Bringing it back to lighttpd + mogstored issues (was: mogstored dying: redux)

2008-05-22 Thread Jared Klett
hi Greg,

I would be interested to hear what your results are with the patch 
below. I had identical problems to what you described earlier when using 
lighttpd + mogstored, and I'm 99.99% sure I used the patch below (added 
manually to the 2.17 release).

I didn't go to much effort to debug it, since the failures only seemed 
to occur under production traffic. Everything worked fine in our test MogileFS 
setup with lighttpd + mogstored.

Are there other fixes for lighttpd + mogstored in the SVN trunk that 
are not in 2.17? I did see this in the changelog:

RFC 2518 says we should use a trailing slash when calling MKCOL. Some 
servers (nginx) appears to require it. (Spotted by Timu Eren).
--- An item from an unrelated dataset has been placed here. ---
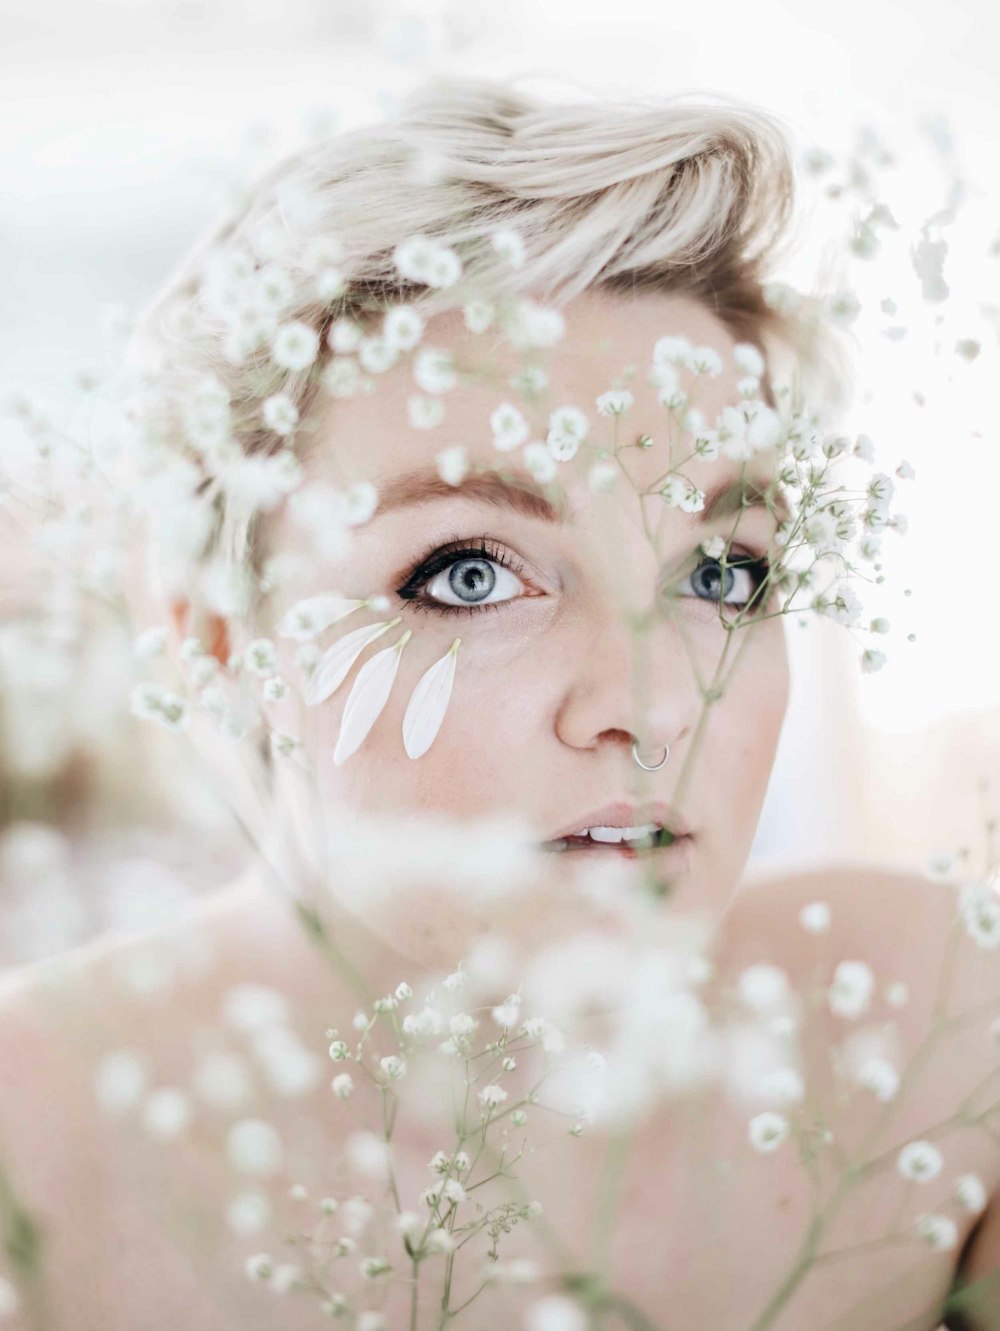 woman with blonde hair with water droplets

At the moment I have a sentinel script that monitors mogstored for 
excessive memory usage on each storage node and marks 'down'/restarts 
mogstored/marks 'alive' if necessary. So far that's been an acceptable bandaid 
for us, but I would love to have the storage nodes run efficiently.

cheers,

- Jared

-- 
Jared Klett
Co-founder, blip.tv
office: 917.546.6989 x2002
mobile: 646.526.8948
aol im: JaredAtWrok
http://blog.blip.tv

-Original Message-
From: [EMAIL PROTECTED] [mailto:[EMAIL PROTECTED] On Behalf Of Ask Bjørn Hansen
Sent: Wednesday, May 21, 2008 8:20 AM
To: Greg Connor
Cc: mogilefs@lists.danga.com
Subject: Re: mogstored dying: redux


On May 21, 2008, at 3:17, Greg Connor wrote:

 Thanks Mark.  The test script worked fine.  The 403 errors were only 
 occurring with lighttpd used in place of perlbal.  This was a 
 suggestion (Ask's) which seemed like a good thing to try, but lighttpd 
 actually made things worse.  With lighttpd, about 1 in 5 requests 
 failed to store, or failed to close.

Oh, I'm sorry.  I realize now that the make lighttpd work patch was never 
committed, darn.  Try the patch below.

http://lists.danga.com/pipermail/mogilefs/2007-November/001401.html

--- server/lib/MogileFS/Device.pm   (revision 1177)
+++ server/lib/MogileFS/Device.pm   (working copy)
@@ -371,7 +371,7 @@
  my $ans = $sock;

  # if they don't support this method, remember that
-if ($ans  $ans =~ m!HTTP/1\.[01] (400|405|501)!) {
+if ($ans  $ans =~ m!HTTP/1\.[01] (400|501)!) {
  $self-{no_mkcol} = 1;
  # TODO: move this into method on device, which propogates to parent
  # and also receive from parent.  so all query workers share this 
knowledge


--
http://develooper.com/ - http://askask.com/




Re: mogstored dying: redux

2008-05-21 Thread Greg Connor


On May 20, 2008, at 11:27 AM, Mark Smith wrote:

Hi all, I very much appreciate the patient help and advice, but I'm  
still

having trouble getting even small files stored in my mogile setup.


Given the error message you've pasted (403?) this seems like a
configuration/setup problem.  Are you sure that your MogileFS setup is
even working at all, even without touching mogtool?  Well, it's easy
to figure out if it is or not.  Here, this little script:

---

If the process fails, can you copy the output of it and paste on the
mailing list here?  There should be a lot of text for all of the work
that the library is doing that will tell you what's going on.  Or
anyway, will tell us what's going on, I don't expect most of it to
make sense unless you know the internals of MogileFS.  :)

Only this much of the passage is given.